5.6.1 Perbanyakan Morel Rinjani Insitu
Perbanyakan secara insitu mengacu pada PP No. 7 tahun 1999 pasal 8 ayat 1 sebagai bagian upaya penyelamatan spesies di dalam habitatnya. Perbanyakan
morel Rinjani secara insitu dikerjakan pada lokasi-lokasi yang mempunyai karakter ekologi yang sama dengan lokasi ditemukannya morel Rinjani.

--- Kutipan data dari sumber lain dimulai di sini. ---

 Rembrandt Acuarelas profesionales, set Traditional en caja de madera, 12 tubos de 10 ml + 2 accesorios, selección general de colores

Perbanyakan dikerjakan dengan alasan eksistensi spesises morel karena potensi nilai ekonomi dan lokasi habitatnya yang sekarang merupakan jalur intensif
pendakian. Perbanyakan dapat dikerjakan dengan mengambil sclerotium untuk
ditanam ditempat lain baik agar menghasilkan tubuh buah. Syarat-syarat ekologi disesuaikan dengan hasil penelitian. Berdasarkan ketinggian tempat, perbanyakan
morel insitu dapat dikerjakan pada lokasi yang mempunyai ketinggian tempat antara 1572–1609m dpl sesuai hasil penelitian. Gambar 17 menunjukkan lokasi-
lokasi dengan ketinggian tempat antara 1500–1650m dpl baik di kawasan TNGR maupun kawasan hutan lain. Lokasi yang memungkinkan adalah di bagian utara,
barat dan selatan G. Rinjani seperti Gambar 17 karena karakter iklim lokasi-lokasi tersebut sama dengan lokasi morel saat ini. Penentuan lokasi yang tepat dan
mudah untuk diakses dilakukan dengan cek lapangan.
Gambar 17 Rencana perbanyakan morel insitu.

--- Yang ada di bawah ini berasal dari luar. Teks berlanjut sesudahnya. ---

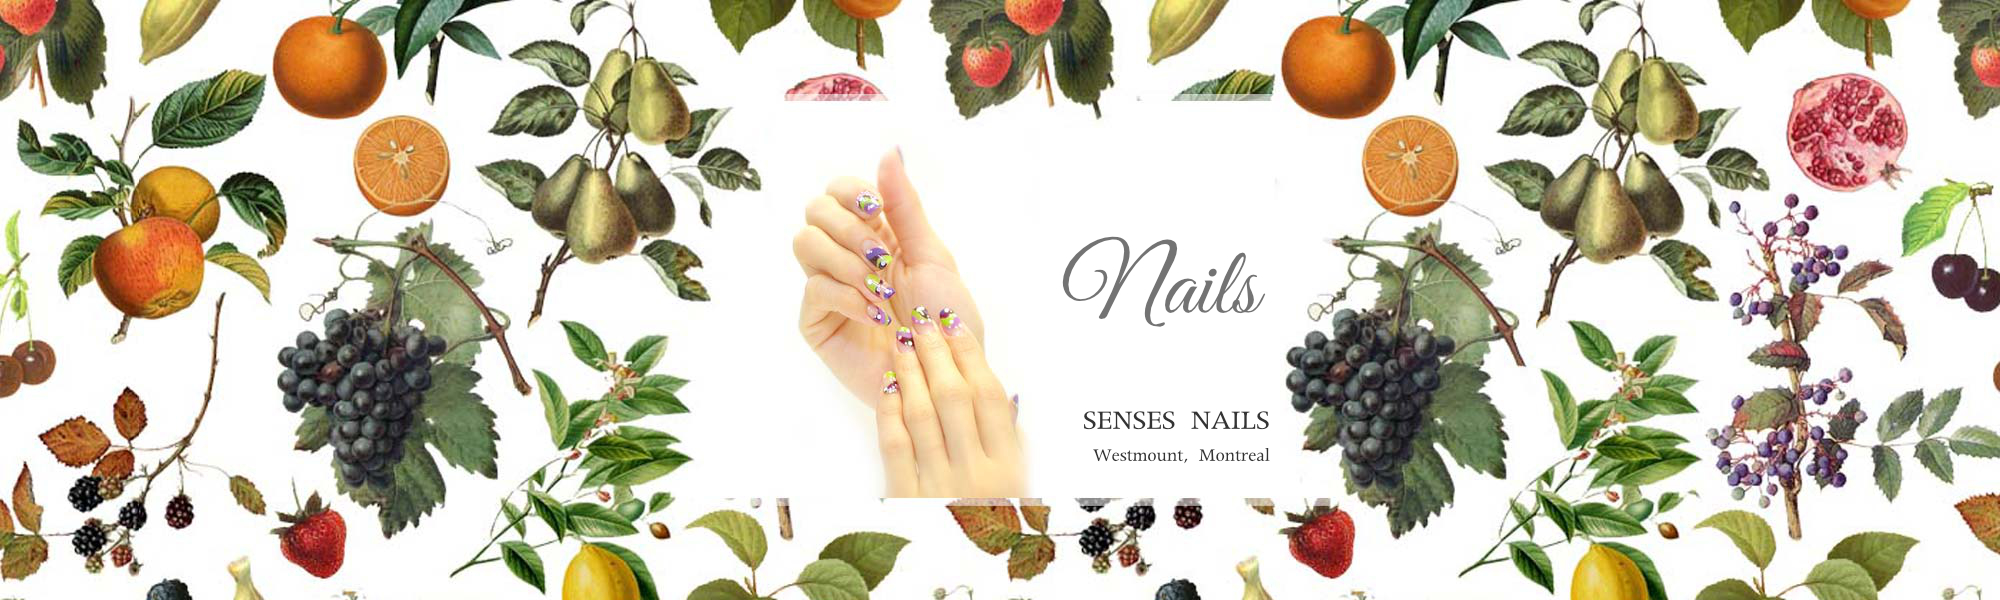 SENSES NAILS Nails

Perbanyakan morel secara insitu merupakan cara tepat dan cepat penyelamatan spesies morel mengingat persen keberhasilan budidaya di
laboratorium lingkungan terkontrol sangat kecil dibandingkan trial error perbanyakan tubuh buah morel di habitat aslinya. Isolat morel pada banyak
percobaan berhasil didapatkan hanya tingkat keberhasilannya menjadi tubuh buah tidak seperti isolat-isolat jamur edible lain. Oleh karena itu perdagangan morel
sampai saat ini masih mengandalkan pengambilan dari alam. Keberhasilan
insitu dapat
dimungkinkan ketika
3 faktor
utama petumbuhan morel diketahui yaitu prakondisi, pemicu inisiasi dan pendukung
pertumbuhan tubuh buah Pilz et al. 2007. Penelitian ini hanya menjawab faktor pertama yaitu kondisi yang memungkinkan morel tumbuh pada lokasinya saat ini,
karena secara statistik memiliki karakteristik yang berbeda terutama faktor fisik. Penelitian ini hanya sedikit menjawab faktor kedua, bahwa pemicu inisiasi morel
Rinjani karena menurunnya curah hujan, suhu dan kelembaban di lantai hutan. Seberapa besar penurununan belum dapat dijawab karena berdasarkan multivariat
suhu dan kelembaban tidak berpengaruh nyata terhadap jumlah tubuh buah morel. Hal ini diduga karena jumlah data yang kurang karena keterbatasan waktu dan
biaya, untuk pendekatan populasi yang sebenarnya. Hal ini dapat diatasi dengan monitoring secara berkala termasuk dengan memasukkan variabel curah hujan
yang sampai di lantai hutan. Faktor yang ketiga berupa kondisi yang terus- menerus mendukung pertumbuhan morel seperti tingkat kehangatan dan
kelembaban serta curah hujan juga dapat diidentifikasi berdasarkan monitoring berkala tersebut.